= Perioperative period =

Period between preparation for surgery and resolution of its sequelae

The perioperative period is a period of a patient's surgical procedure. The period may include the three phases of surgery (preoperative, intraoperative, and postoperative), though it is a term most often used for the first and third of these only. It commonly includes ward admission, anesthesia, surgery, and recovery. Perioperative care is the care that is given before and after surgery. The primary concern of perioperative care is to provide better conditions for patients before an operation (sometimes construed as during operation) and after an operation.

== Perioperative care ==
The perioperative period is a period of a patient's surgical procedure. It commonly includes ward admission, anesthesia, surgery, and recovery. Perioperative may refer to the three phases of surgery: preoperative, intraoperative, and postoperative. More commonly, the term is used for the first and third of these only, as a term which is often specifically utilized to imply around the time of the surgery.

Perioperative care is the care that is given before and after surgery. The primary concern of perioperative care is to provide better conditions for patients before an operation (sometimes construed as during operation) and after an operation. The care takes place in hospitals, in surgical centers attached to hospitals, in freestanding surgical centers, or health care providers' offices.

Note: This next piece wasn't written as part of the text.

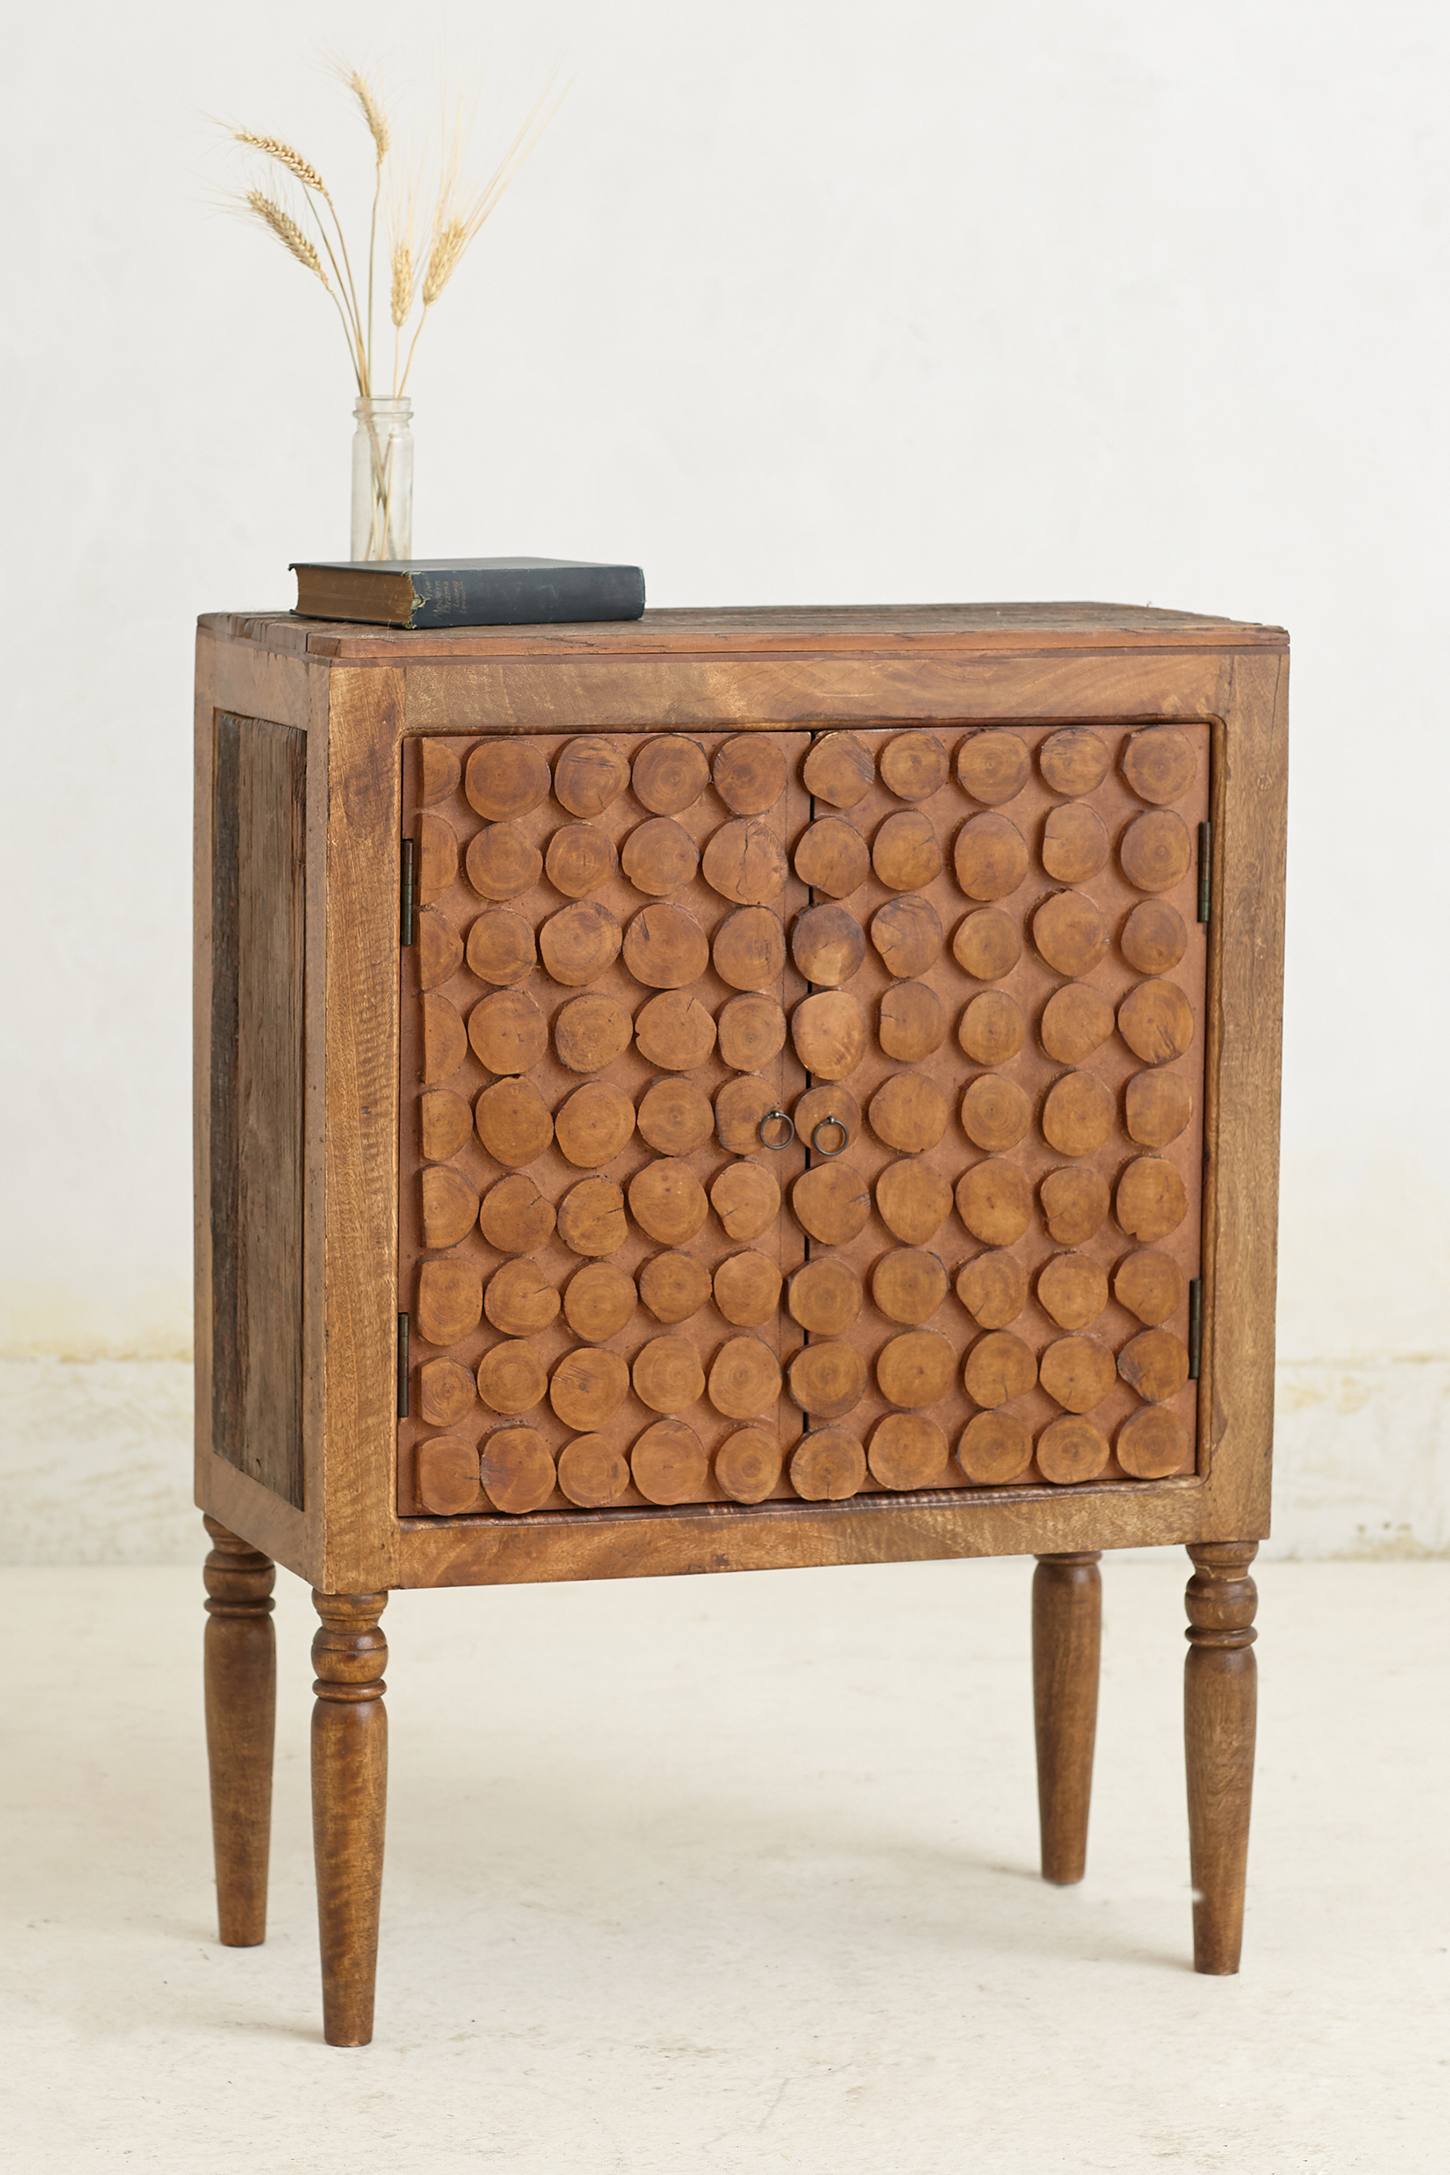 Tree Rings Cabinet - anthro...

Findings from a systematic review of perioperative advance care planning suggest the importance and value that various types of decision aids have for patients to clarify their goals and specify others who can make decisions for them in case of unexpected surgical difficulties.

== Phases ==

=== Preoperative ===
The preoperative phase is used to perform surgical clearance, attempt to limit preoperational anxiety, and may include the preoperative fasting. This period prepares the patient both physically and psychologically for the surgical procedure and after surgery. For emergency surgeries, this period can be short and the patient may be oblivious to this; for elective surgeries preops, as they are called, can be quite lengthy due to a multitude of factors, including surgical clearance. Information obtained during preoperative assessment is used to create a care plan for the patient.

=== Intraoperative ===
The intraoperative period begins when the patient is transferred to the operating room table and ends with the transfer of a patient to the post-anesthesia care unit (PACU). During this period the patient is monitored, anesthetized, prepped, and draped, and the operation is performed. Nursing activities during this period focus on safety, infection prevention, opening additional sterile supplies to the field if needed and documenting applicable segments of the intraoperative report in the patients electronic health record. Intraoperative radiation therapy and intraoperative blood salvage may also be performed during this time.

=== Postoperative ===
The postoperative period begins after the transfer to the PACU and terminates with the resolution of the surgical sequelae. It is quite common for the last of this period to end outside of the care of the surgical team. It is uncommon to provide extended care past the discharge of the patient from the PACU. When stable at PACU, the patient is usually admitted to the surgical ward for continued postoperative care and recovery. Postoperative recovery is commonly used as a concept and can mean different things in different contexts and to different actors such as healthcare professionals and patients. Postoperative recovery is an energy-requiring complex process of returning to normality and wholeness that starts immediately after surgery and continues long after discharge. For patients recovery includes different turning points such as regaining independence and control over physical, psychological, social, and habitual functions and well-being.